Identifying lineage effects when controlling for population structure improves power in bacterial association studies.
Earle SG., Wu CH., Charlesworth J., Stoesser N., Gordon NC., Walker TM., Spencer CCA., Iqbal Z., Clifton DA., Hopkins KL., Woodford N., Smith EG., Ismail N., Llewelyn MJ., Peto TE., Crook DW., McVean G., Walker AS., Wilson DJ.
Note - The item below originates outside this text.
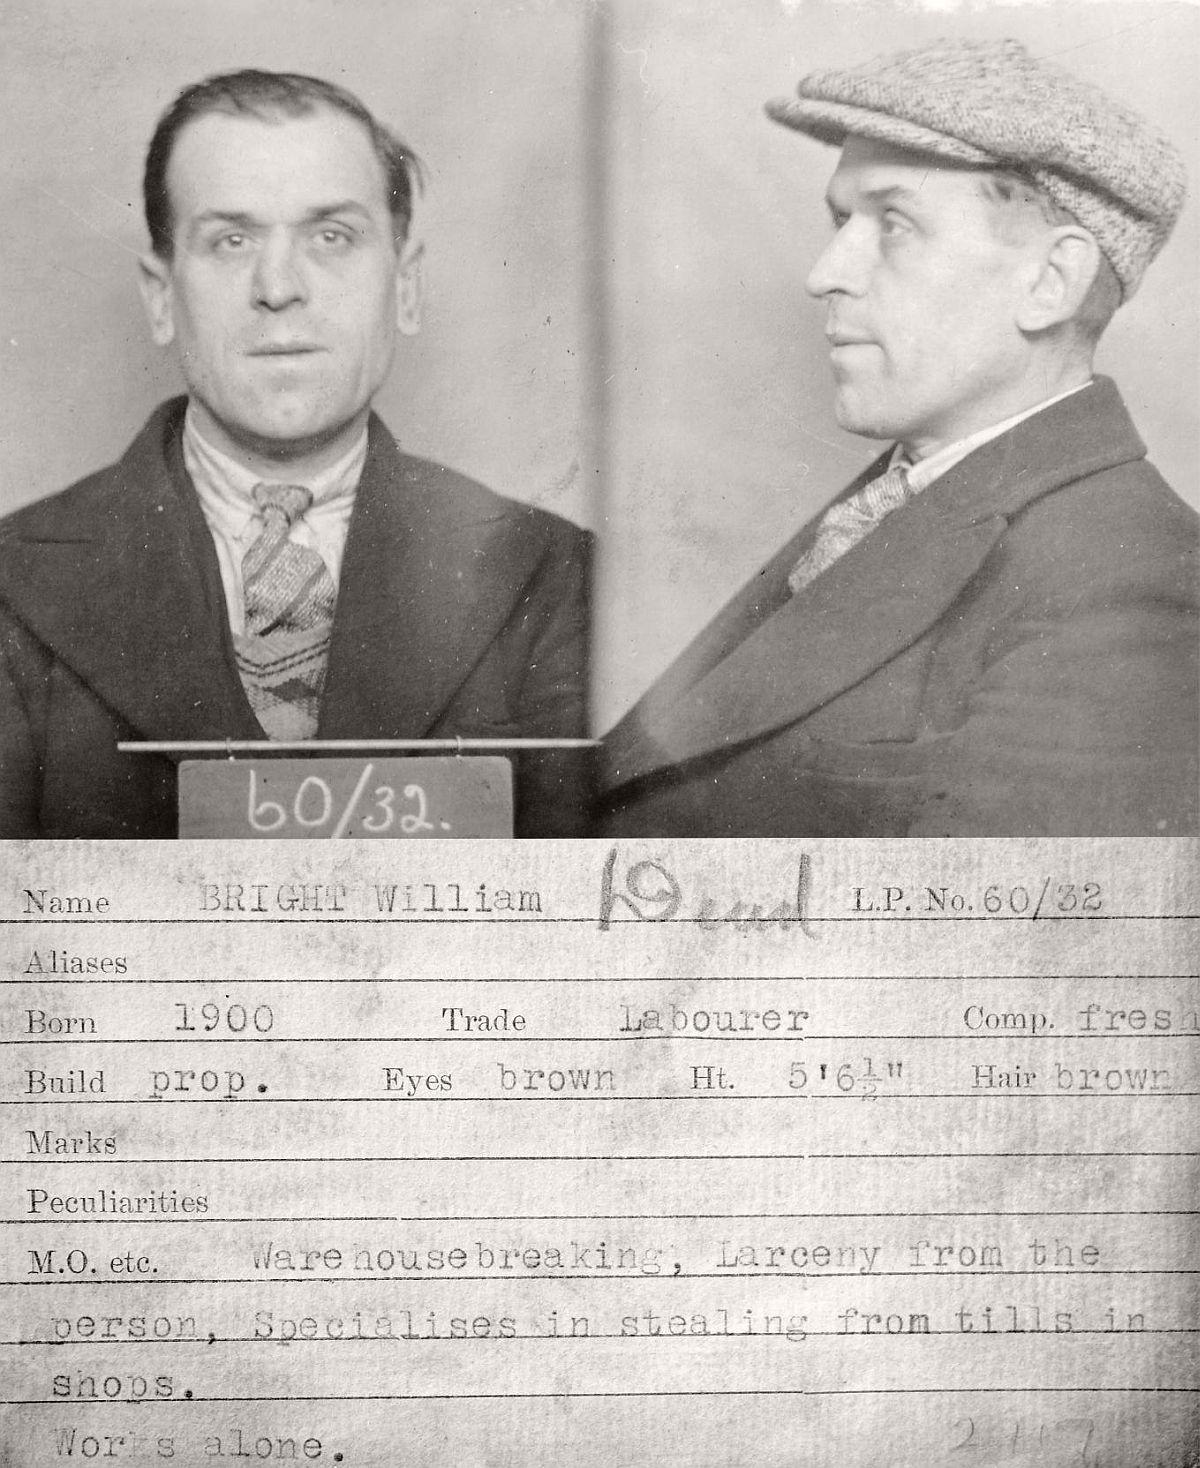 vintage-mug-shot-of-criminals-from-newcastle-upon-tyne-1930s-19

Bacteria pose unique challenges for genome-wide association studies because of strong structuring into distinct strains and substantial linkage disequilibrium across the genome(1,2). Although methods developed for human studies can correct for strain structure(3,4), this risks considerable loss-of-power because genetic differences between strains often contribute substantial phenotypic variability(5). Here, we propose a new method that captures lineage-level associations even when locus-specific associations cannot be fine-mapped. We demonstrate its ability to detect genes and genetic variants underlying resistance to 17 antimicrobials in 3,144 isolates from four taxonomically diverse clonal and recombining bacteria: Mycobacterium tuberculosis, Staphylococcus aureus, Escherichia coli and Klebsiella pneumoniae. Strong selection, recombination and penetrance confer high power to recover known antimicrobial resistance mechanisms and reveal a candidate association between the outer membrane porin nmpC and cefazolin resistance in E. coli. Hence, our method pinpoints locus-specific effects where possible and boosts power by detecting lineage-level differences when fine-mapping is intractable.